» ACTIVITY
Below is a set of entries. Reproduce exactly the lines from the one containing "Ofertan 300 vacantes" through the end, both included.

────────────────────

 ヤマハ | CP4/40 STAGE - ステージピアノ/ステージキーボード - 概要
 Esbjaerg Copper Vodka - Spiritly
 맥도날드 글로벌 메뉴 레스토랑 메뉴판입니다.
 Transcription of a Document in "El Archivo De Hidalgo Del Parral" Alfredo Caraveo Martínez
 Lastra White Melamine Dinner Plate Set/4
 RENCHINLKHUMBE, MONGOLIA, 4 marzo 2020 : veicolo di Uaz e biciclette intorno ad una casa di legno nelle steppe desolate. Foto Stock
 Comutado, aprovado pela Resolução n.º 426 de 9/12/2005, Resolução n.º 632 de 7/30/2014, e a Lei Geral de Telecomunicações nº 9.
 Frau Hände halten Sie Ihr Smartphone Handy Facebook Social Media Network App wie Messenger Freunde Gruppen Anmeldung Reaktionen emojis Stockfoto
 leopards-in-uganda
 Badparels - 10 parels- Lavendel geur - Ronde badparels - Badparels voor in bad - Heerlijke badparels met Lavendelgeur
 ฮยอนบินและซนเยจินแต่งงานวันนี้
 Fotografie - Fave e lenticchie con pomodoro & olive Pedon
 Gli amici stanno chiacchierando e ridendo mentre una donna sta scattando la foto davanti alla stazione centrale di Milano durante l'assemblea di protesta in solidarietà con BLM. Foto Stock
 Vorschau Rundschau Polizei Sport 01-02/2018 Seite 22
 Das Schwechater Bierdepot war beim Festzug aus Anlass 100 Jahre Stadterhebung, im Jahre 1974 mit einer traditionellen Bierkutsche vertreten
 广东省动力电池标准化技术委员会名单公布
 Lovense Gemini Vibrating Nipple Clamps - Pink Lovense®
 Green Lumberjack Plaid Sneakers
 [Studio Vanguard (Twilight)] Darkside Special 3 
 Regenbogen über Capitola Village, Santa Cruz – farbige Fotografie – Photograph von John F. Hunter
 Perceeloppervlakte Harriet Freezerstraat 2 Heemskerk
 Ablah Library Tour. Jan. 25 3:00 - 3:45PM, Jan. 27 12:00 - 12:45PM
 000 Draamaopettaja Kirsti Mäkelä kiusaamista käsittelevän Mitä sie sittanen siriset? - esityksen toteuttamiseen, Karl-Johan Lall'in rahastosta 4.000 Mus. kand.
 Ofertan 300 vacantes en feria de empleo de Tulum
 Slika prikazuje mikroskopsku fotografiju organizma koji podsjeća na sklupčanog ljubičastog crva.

────────────────────

» PROBLEM SOLUTION
 Ofertan 300 vacantes en feria de empleo de Tulum
 Slika prikazuje mikroskopsku fotografiju organizma koji podsjeća na sklupčanog ljubičastog crva.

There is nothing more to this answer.